Милославский нервничал: хлопал дверками машины, рывками переключал рычаги скорости.
Каргапольцев спросил:
— Что с вами, Константин Витальевич, вы с утра сердиты?
Милославский хотел что-то ответить, но сдержался. Круто повернул руль и машина, подпрыгивая на неровной проселочной дороге, помчалась в сторону ельника.
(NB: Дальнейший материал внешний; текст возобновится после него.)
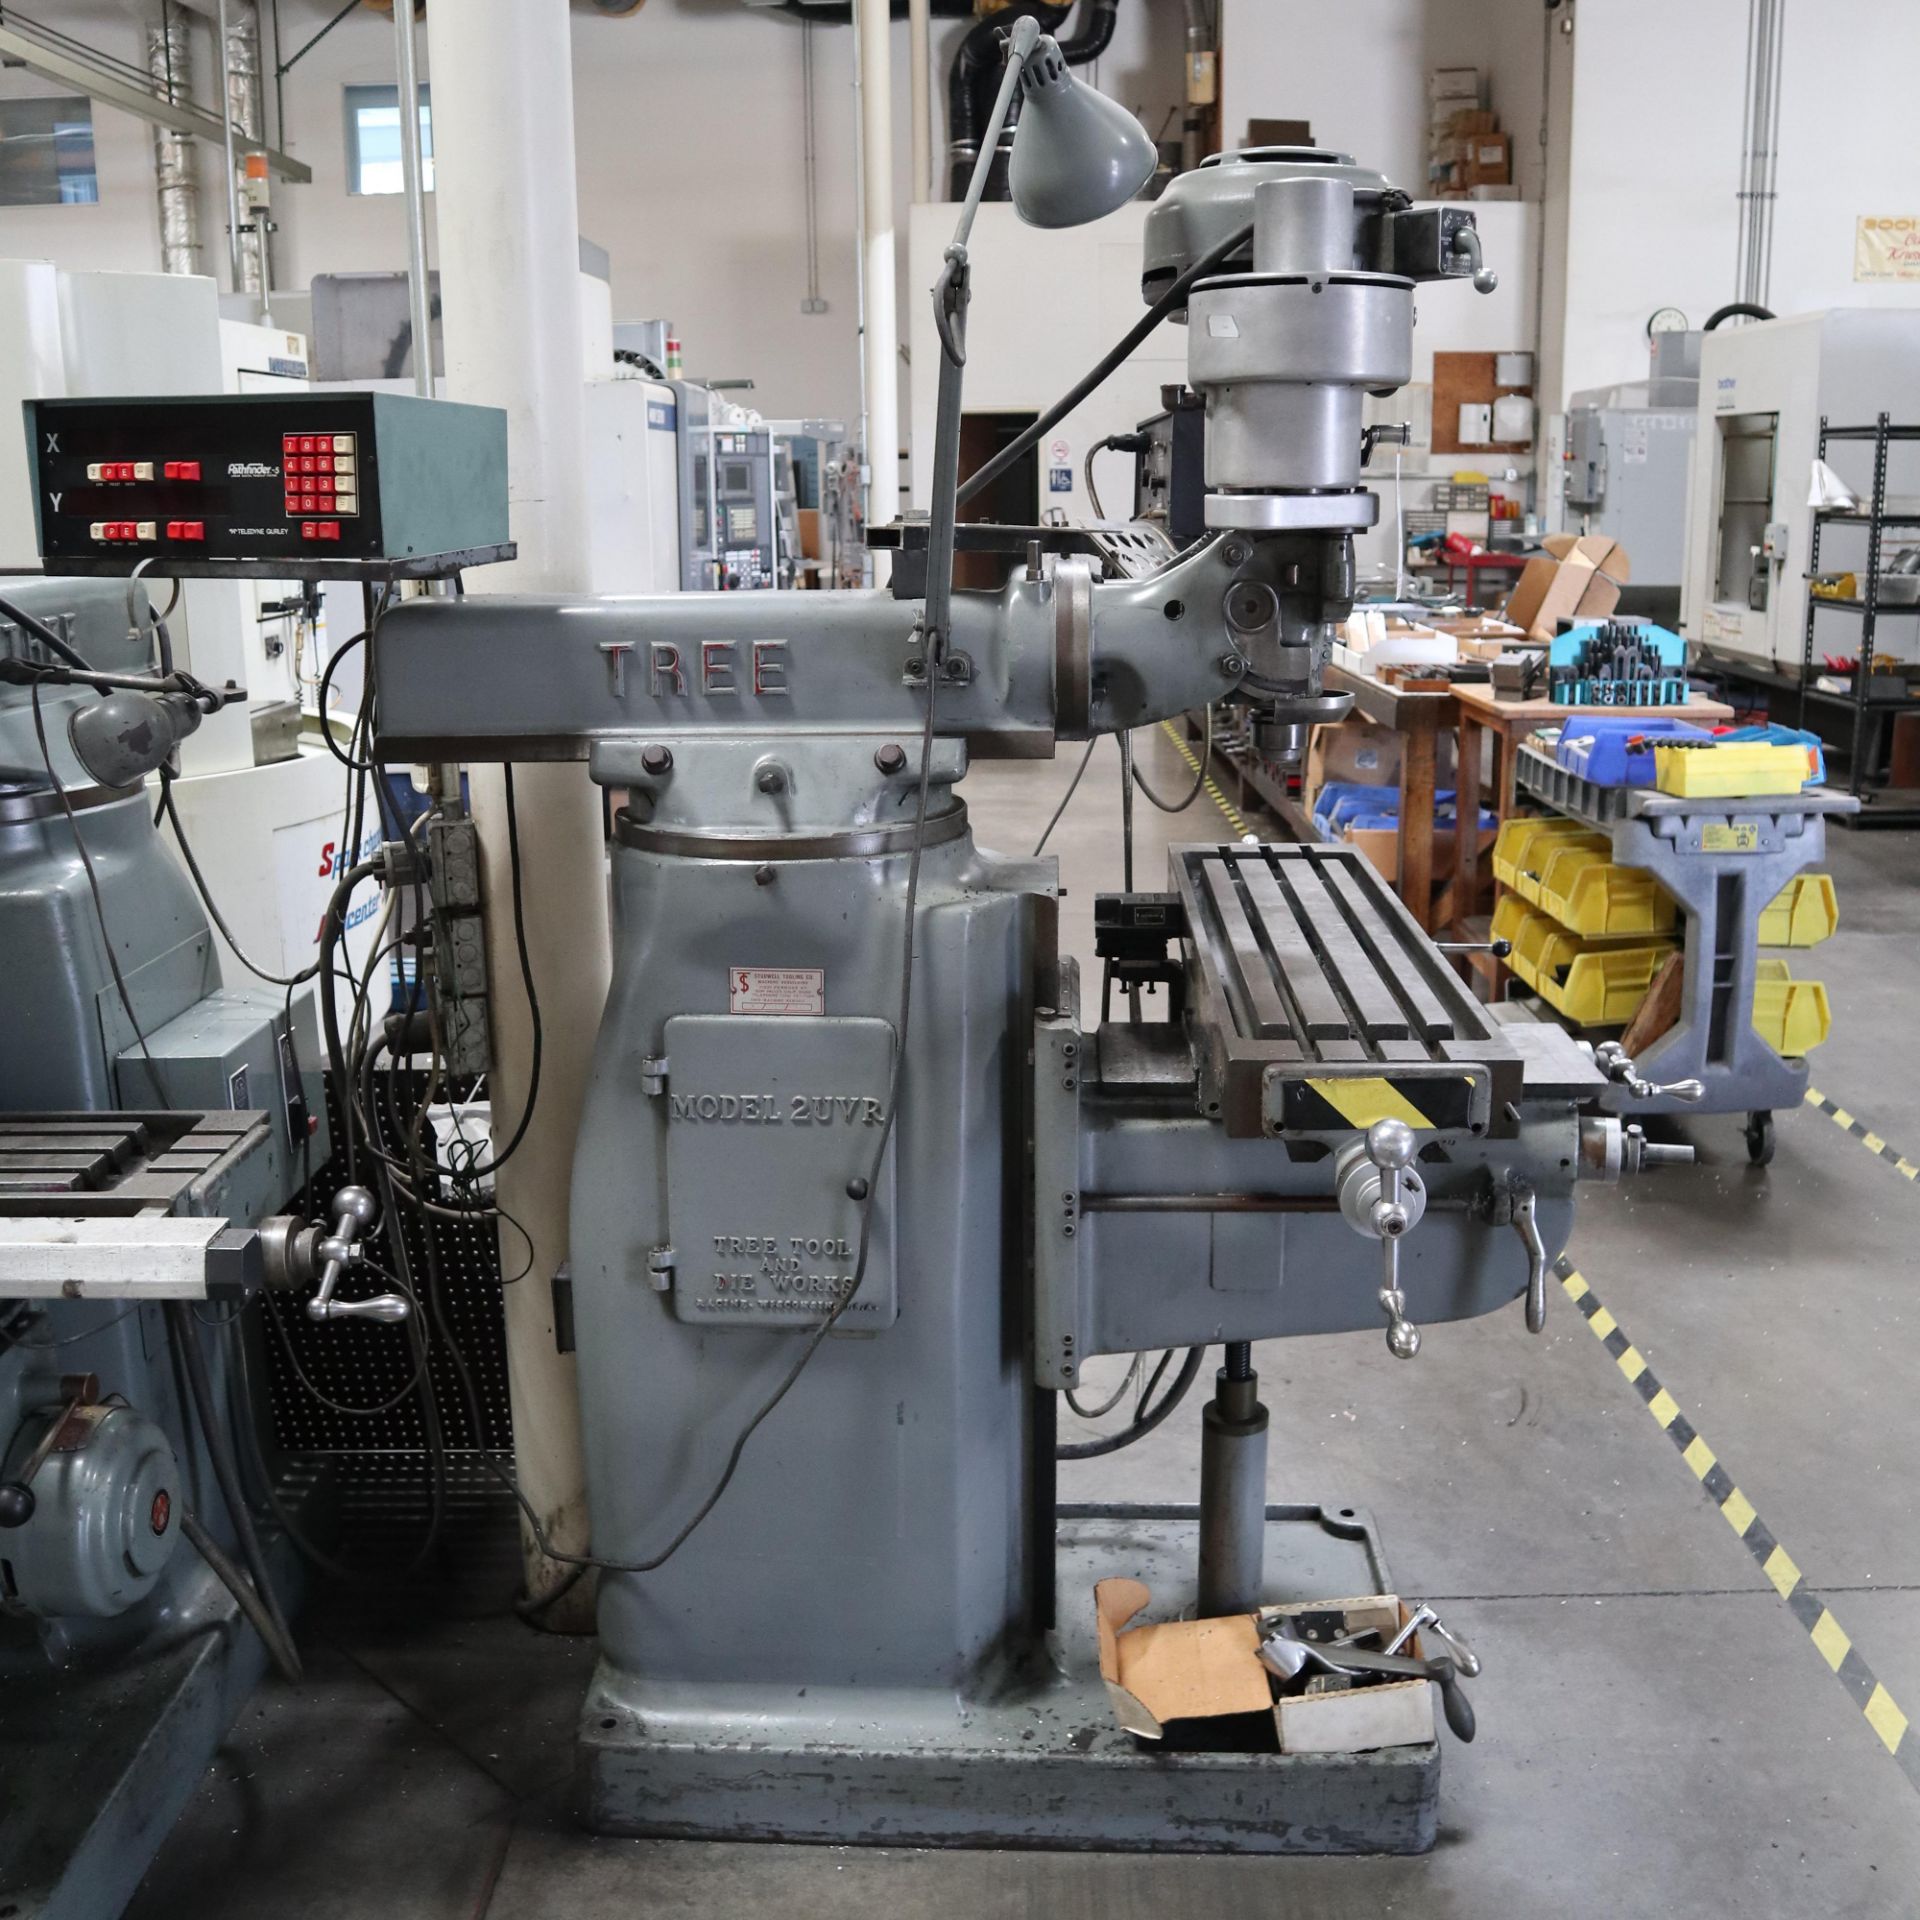 TREE MODEL 2UVR MILLING MACHINE, REBUILT 1975, S/N 1008, WITH TRAK DRO *PLEASE NOTE: ISSUE WITH X - Image 7 of 12
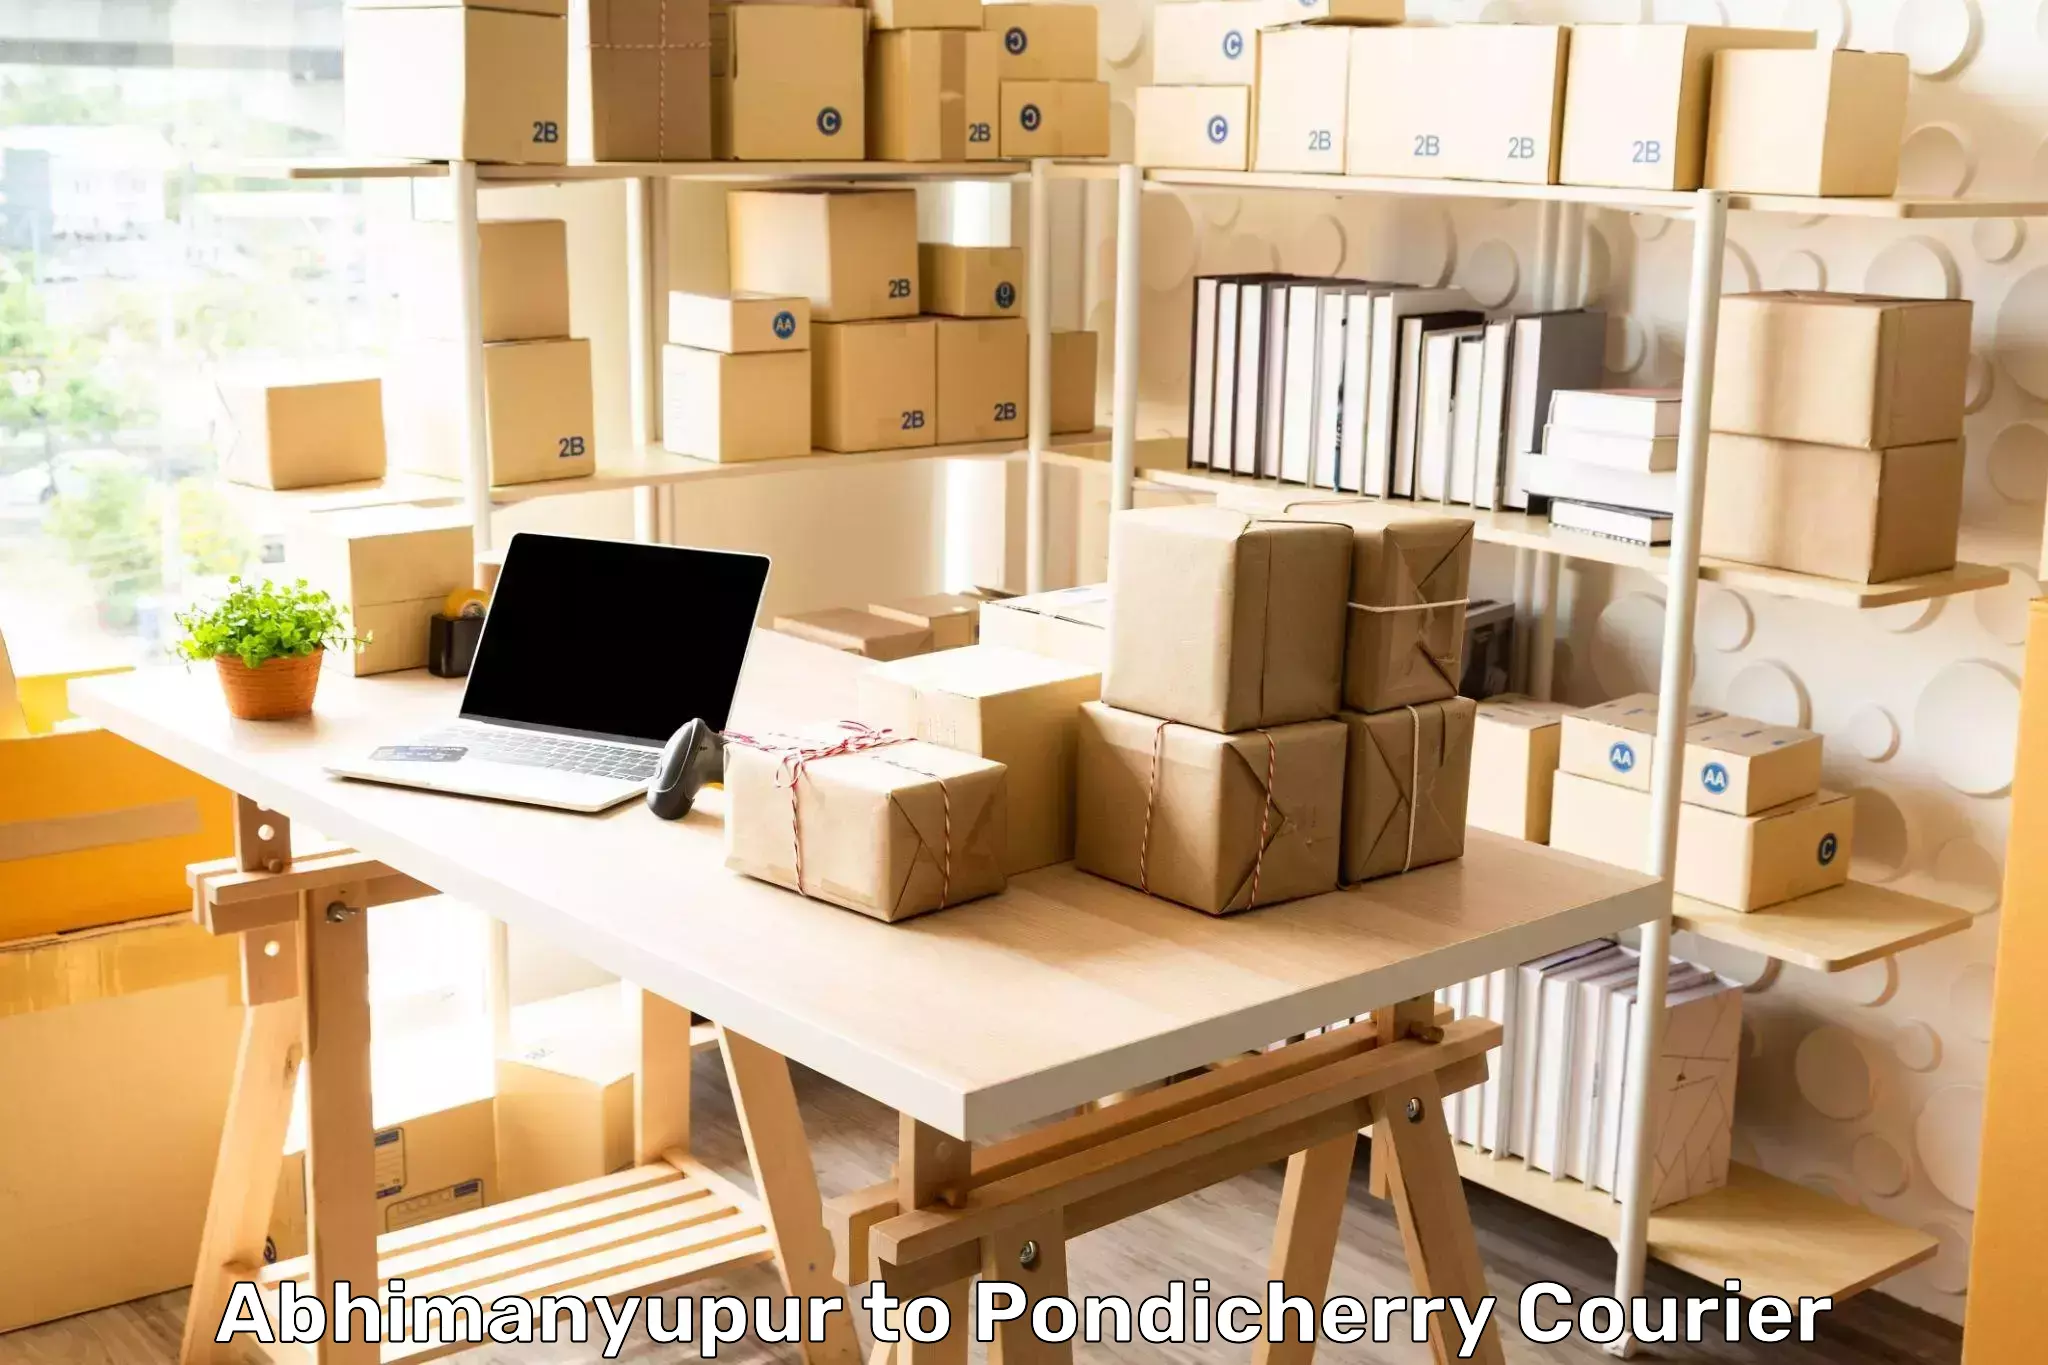 Round-the-clock parcel delivery Abhimanyupur to Pondicherry

— Теперь я вам отвечу... — с издевательской ноткой в голосе произнес Милославский, останавливая машину на краю хлебного поля
Отъезд от шоссе, обращение на «вы» — весь этот непривычный тон насторожил Иннокентия. Выходя из машины, он незаметно расстегнул пуговицу на заднем кармане брюк, где постоянно находился пистолет — подарок французского друга.
Милославский сорвал пучок травы, тщательно вытер руки и, подойдя почти вплотную к Иннокентию, заговорил:
— Значит, интересуетесь моим настроением? Похвально. Я, конечно, предполагал, что для коммунистов не существует ни веры, ни законов, но не предполагал, что вы так наглы...
— Я не понимаю, Константин Витальевич. О чем идет речь?
— Не понимаете? Постараюсь дать разъяснения...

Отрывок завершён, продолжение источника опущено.